Adds an llms.txt file following the llms.txt spec, providing AI tools with a structured index of all 35 documentation pages. Includes a Node generator script, test suite, docs page, CI integration, and sidebar link. Co-Authored-By: Claude Opus 4.6 <noreply@anthropic.com>

Move llms.txt generation from a standalone script into the VitePress buildEnd hook so docs:build produces everything in one command. - Extract generation logic to docs/.vitepress/llms-txt.ts - Delete scripts/generate-llms-txt.mjs and docs/public/llms.txt - Remove generate:llms-txt npm script and CI step - Update test to build docs and check dist/llms.txt - Update docs page with new regeneration instructions Co-Authored-By: Claude Opus 4.6 <noreply@anthropic.com>

The llms.txt page explains what llms.txt is — that's for humans, not LLMs consuming the file. Omit it to avoid the circular reference. Co-Authored-By: Claude Opus 4.6 <noreply@anthropic.com>

Delete scripts/test-llms-txt.mjs — a bespoke Node script with hand-rolled assertions outside the project's test conventions (Ruby Minitest via bin/test). Add inline validation in docs.yml after docs:build instead. This runs where it belongs: in the pipeline that produces the artifact, checking file existence, H1, entry count, and sections. Co-Authored-By: Claude Opus 4.6 <noreply@anthropic.com>

Copilot

Pull request overview

Adds support for publishing an llms.txt machine-readable documentation index as part of the VitePress docs build, documents the feature, and validates the generated output in CI.

Changes:

Add a new docs page describing llms.txt and how it’s generated/regenerated.
Generate llms.txt at VitePress build time via a buildEnd hook.
Add CI validation for the generated llms.txt and add an HTML <link rel="help"> reference.

Reviewed changes

Copilot reviewed 4 out of 4 changed files in this pull request and generated 3 comments.

File	Description
`docs/llms_txt.md`	Adds a documentation page explaining `llms.txt` and how to use/regenerate it.
`docs/.vitepress/llms-txt.ts`	Implements build-time generation of `llms.txt` from a curated list of docs pages.
`docs/.vitepress/config.mts`	Wires generation into `buildEnd`, adds `<link rel="help">`, and links the new docs page in the sidebar.
`.github/workflows/docs.yml`	Adds a post-build CI step to validate `llms.txt` existence/format/sections/entry count.
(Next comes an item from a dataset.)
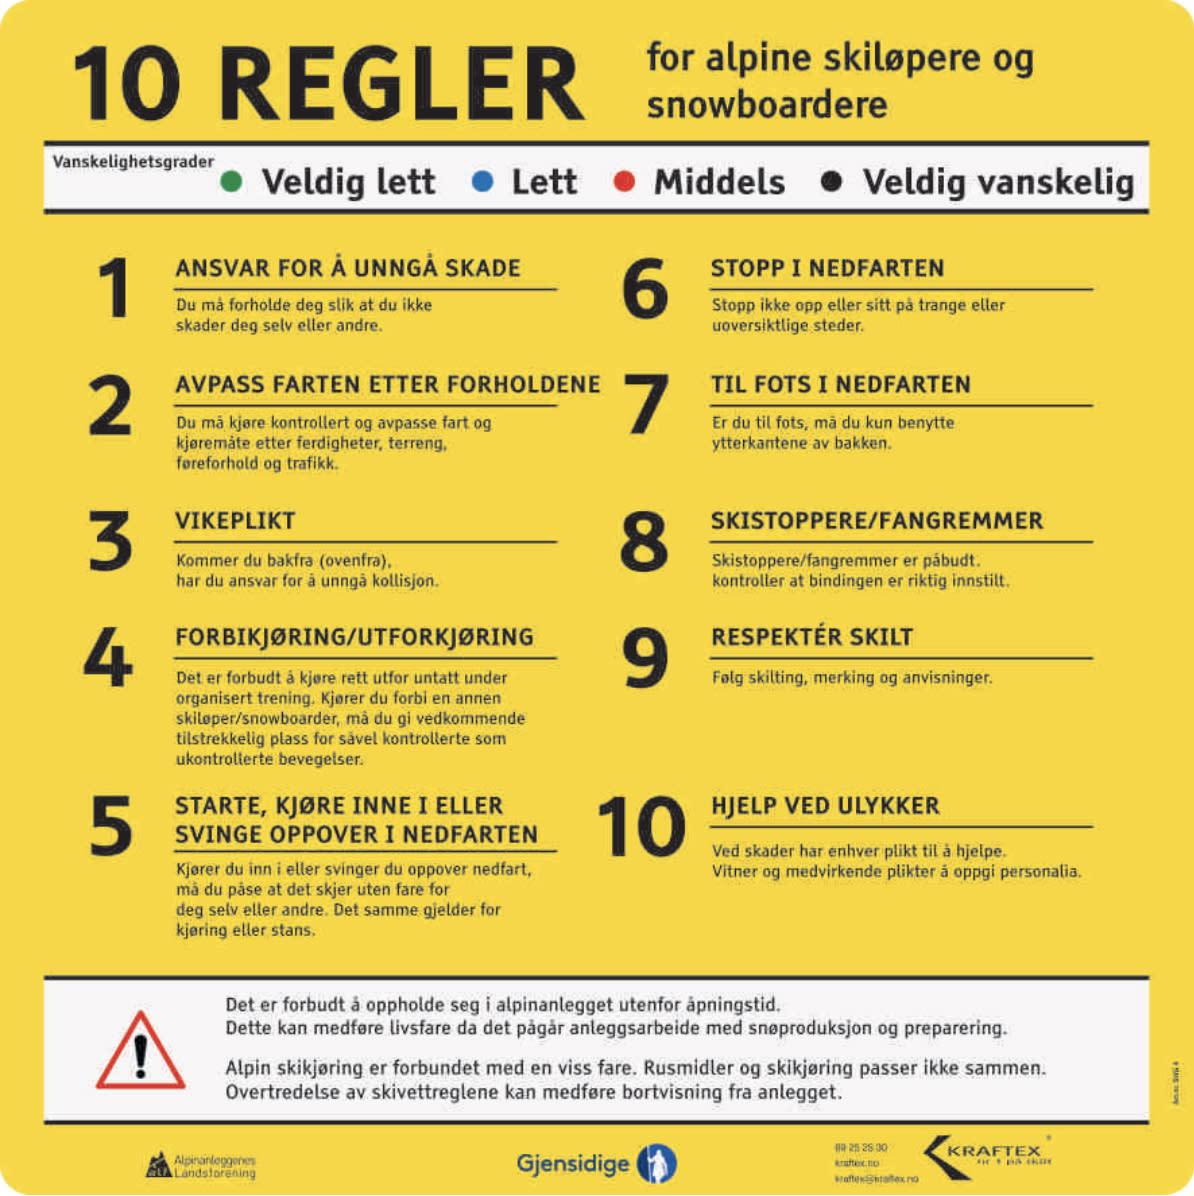 Regler for alpine skiløpere og snowboardere

💡 Add Copilot custom instructions for smarter, more guided reviews. Learn how to get started.

Copilot · 2026-02-12T18:28:58Z

docs/.vitepress/config.mts

    ['meta', { property: 'og:type', content: 'website' }],
-    ['script', { async: '', defer: '', src: 'https://buttons.github.io/buttons.js' }]
+    ['script', { async: '', defer: '', src: 'https://buttons.github.io/buttons.js' }],
+    ['link', { rel: 'help', type: 'text/markdown', href: '/llms.txt', title: 'LLM Documentation' }]


The new <link rel="help"> uses an absolute href: '/llms.txt', which bypasses VitePress base when building versioned docs (or any non-root deployment). This can produce a broken link in the rendered HTML head for non-root bases; consider prefixing with the configured base (or using VitePress's withBase helper) so the link resolves correctly in all builds.

Copilot · 2026-02-12T18:28:58Z

docs/.vitepress/llms-txt.ts

+      const title = fm.title || page.path
+      const desc = fm.description || ''
+      const url = `${BASE_URL}/${page.path}`
+
+      lines.push(`- [${title}](${url}): ${desc}`)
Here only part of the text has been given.